Ölümsüzlük öteden beri olasıydıysa bile, ölüm, seçim ve seçeneğimiz olarak var.

***

Samimi olarak insanlığı kendi haline bıraktım. Gelişip ilerlerlerse
karşı çıkacak da değilim.

***

Dans etmek küçük bedenleri büyütüyor, büyük bedenleri küçültüyor. Tıpkı içki içmenin kişiliklere yaptığı gibi.

***

Eski röntgencilik, komşu gözetleme dışında sadece dansöz seyretmekten ibaretmiş.

***

Eylem planımı açıklıyorum:
Eylem plansızlığı, her an kendimi ve çevrenimi gözlemek, her şeyi okumaya çabalamak.
Eyleme sıra gelir ve maçam yetişirse ona da evet.

***

Bir cinnet anında, bir cinnet anında işleyebileceğim cinayetin cesetini gömmeye hazırlık olsun diye, bahçeyi belledim. Çukur? Yok çukur kazmadım.

***

Düzenli intihar: Çay şekeri
Unlu intihar: Kurabiye (cookie)
İntihar eden ünlüler: İntihar eden unlular
İntihar yatakçısı: Çay, ölüm meleği
Yavaş intihar: alkol (boğulma), sigara (kendini yakma, kendini ateşe atma)
Pasif intihar: Pasif içicilik
Gösterişli intihar: Boğaz Köprüsü intiharı

***

Zamanımızda çocuk akciğerleri daha seyyar.
Anatomi farkından, her ülkede nefes alabiliyorlar.

***

Sen ömür boyu, zeytini ağzına peynirden sonra atmışsın. Ne esnekliğinden söz ediyorsun?

***

Ömür, kuş öpüşü altmış yetmiş yıl; bozdur bozdur harca.
Kelebeğin yaşam ilkesi: ömür dediğin bir gündür, o da bu saat.

***

Kaba etine iğne yapıldığında, bir düşmanın serseri ruhlu okuyla yaralanmanın ne demek olduğunu, ok ucunun zehrinin içine işleyişini anlarsın. Oysa yaşadığın ile yaşayabileceğin şeyler tıpkı değil. Bu açık algı netliğini nereden aldın, ne verdi?

***

Kızılderili reisi Hırslı Kurbağa ilendi, okları hakkında söyleve durdu:

“Ne salak kabilesiniz, ya!
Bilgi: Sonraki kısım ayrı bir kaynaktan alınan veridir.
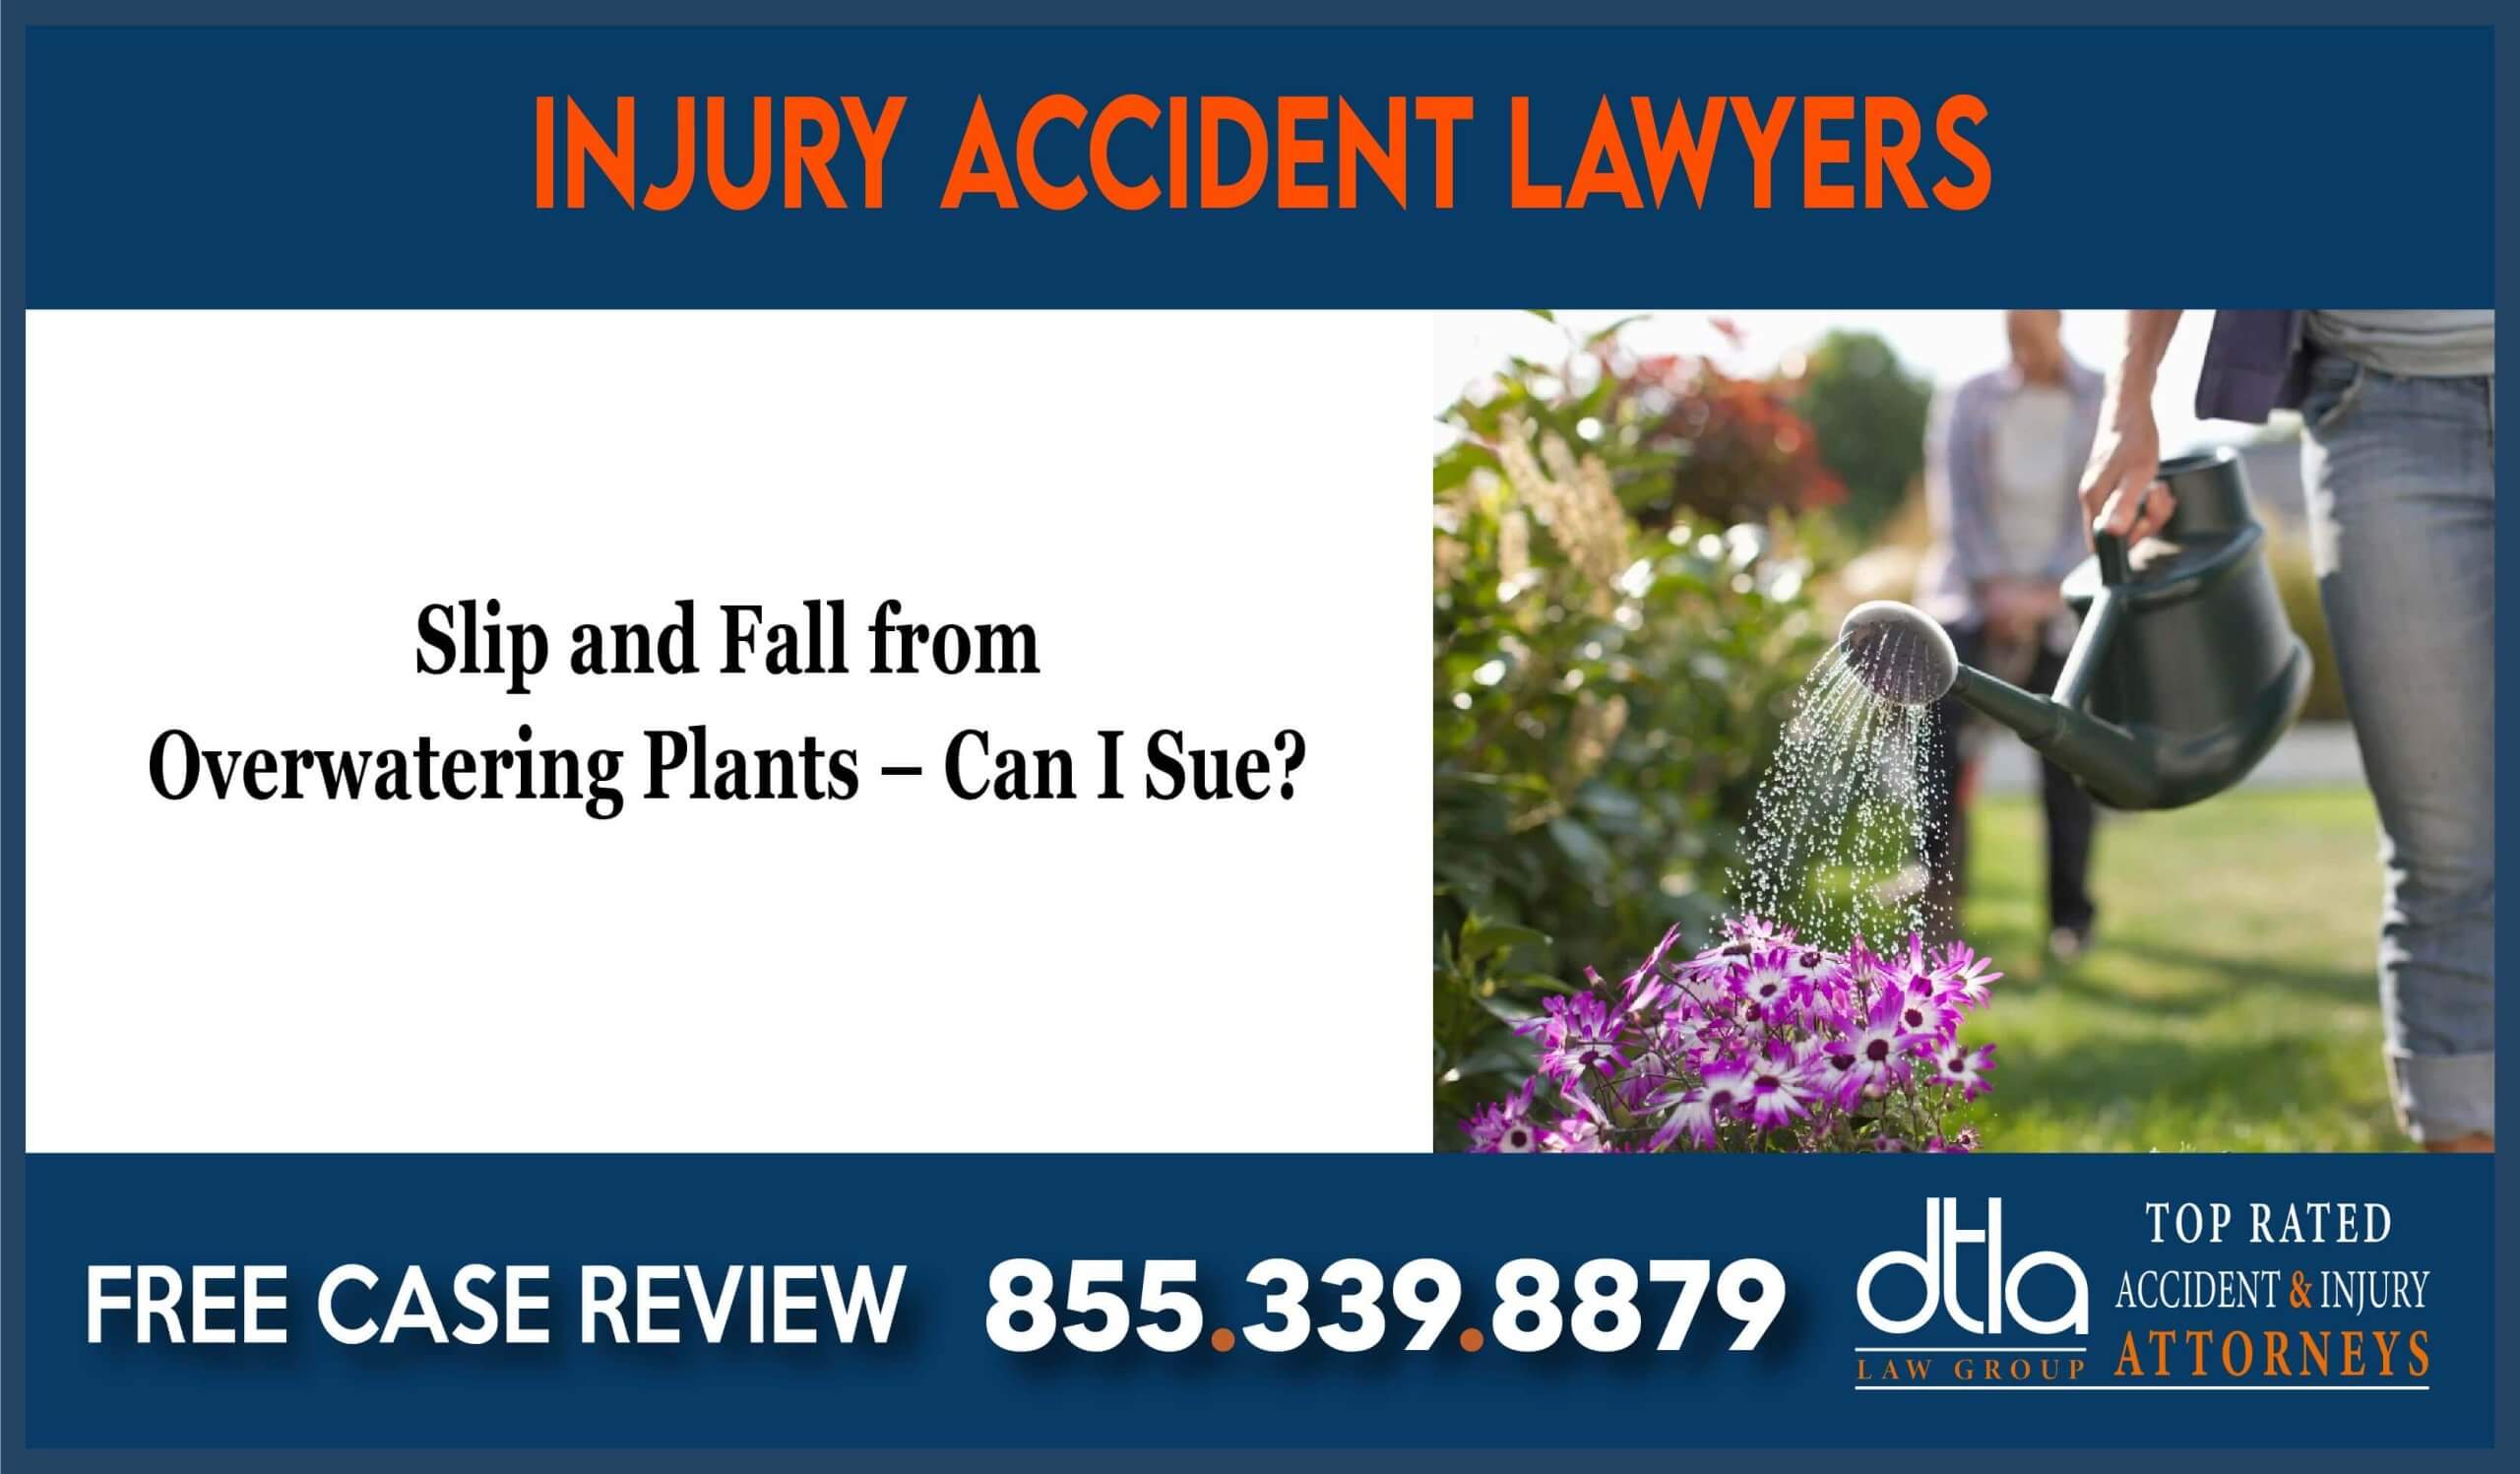 Slip and Fall from Overwatering Plants Can I Sue lawyer attorney compenastion liability

Sizin gibi Kızılderili olmaz olsun. Zehirli ok-yay kullanacak yere zehirli yay-ok kullanıyorsunuz. Sonunda sapır sapır dökülen, ölen, azalan siz! Yahu biraz klanınıza saygı, itina!”

***

“Ölmeye, ölmeye, ölmeye geldik,” kendini bildiğinden daha derin söylem. Her insan dünyaya ölmeye gelir. Woody Allen’ın deyişiyle, merak edilmek gereken “ölümden önce yaşam olup olmadığı…”

***

Satılan zaman geri alınmaz.
Verilen enerji bal gibi geri alınır.
Zaman paraysa, para zamandır.
Sonrası için, zaman ve para kazanmak için çalışırız:
Sonra, para bizim olur, oysa şimdi zaman bizimdir.

***

İstemek sorumluluktur.
İstememek, değil sanılır.
(Her istediğine) erişememek çok gerçek.
Erişme arzusu çok insani: İnsan istemedir.

***

Arzusunu dile getirmek, suçunu/günahını itiraf etmekten hiç aşağı değildir. Arzu tıpkı günahtır.

***

Arzularına kavuşamamak hayatın hayat olduğunun göstergesi. Yaşayanın görevi arzusuna yönelmek, emek vermek -sadece. Arzularına şakır şukur kavuşuyorsan hayatta değil, cennette yani ölüsün. Arzularına biraz kavuşur biraz kavuşamazsın, doğrusu odur, yeter.

***

Sen kendini cansız sanıyorsun. Samimi bir zan. Ne var, her şeye bir şekilde duyarlı bir fiziksellik içinde bulunmaktasın. İnanmaman bazı şeyleri etkiler, her şeyi yok kılmaz.

***

Enseyi verme karaya. Bütünüyle değilse de… Bir yerde de iyi oldu.

***

Hevesle kalk, düş kırıklığıyla otur, hakkı yenmişlikle kabar, düşmanlığa kucak aç, baştan başla.

***

Kervanı yolda, -düzerler balam
Yola koyulmayın,
Yola, koyun!

***

Geçmişe gitmek, geviş getirerek gezmek bir iç turizmdir.

***

Varmadan yolculuk başlamaz. Yola çıkmak için varmayı göze almalı, bitişi göze almalı. Hatta zihninde, başlarken varmalı da.

***

Kahve içmeyi sorunsallaştırmayın.
Aklınız kalır, aklınız içer durur bakın.

***

Valiz tamircisine 10 kaldı, yorgancıya 50 vermiştim. Şimdi börekçiye veresiye teklif edeceğim, param olunca bırakırım. Eve varmadan sıkışırsan benzincide eder geçerim. Eski köklü mahallede oturmak, hem korunma-aitlik sağlar, hem üleşme.

***

Sosyal Sıkıntı:

Ortamın ortalaması çok yüksek…

Ortalamayı ben mi düşürürüm?
(Ortalamayı düşürür müyüm – Ortalama düşer mi – Düşüren ben mi olurum – Ortalama bensiz mi ortalama – Düşürebilir miyim?)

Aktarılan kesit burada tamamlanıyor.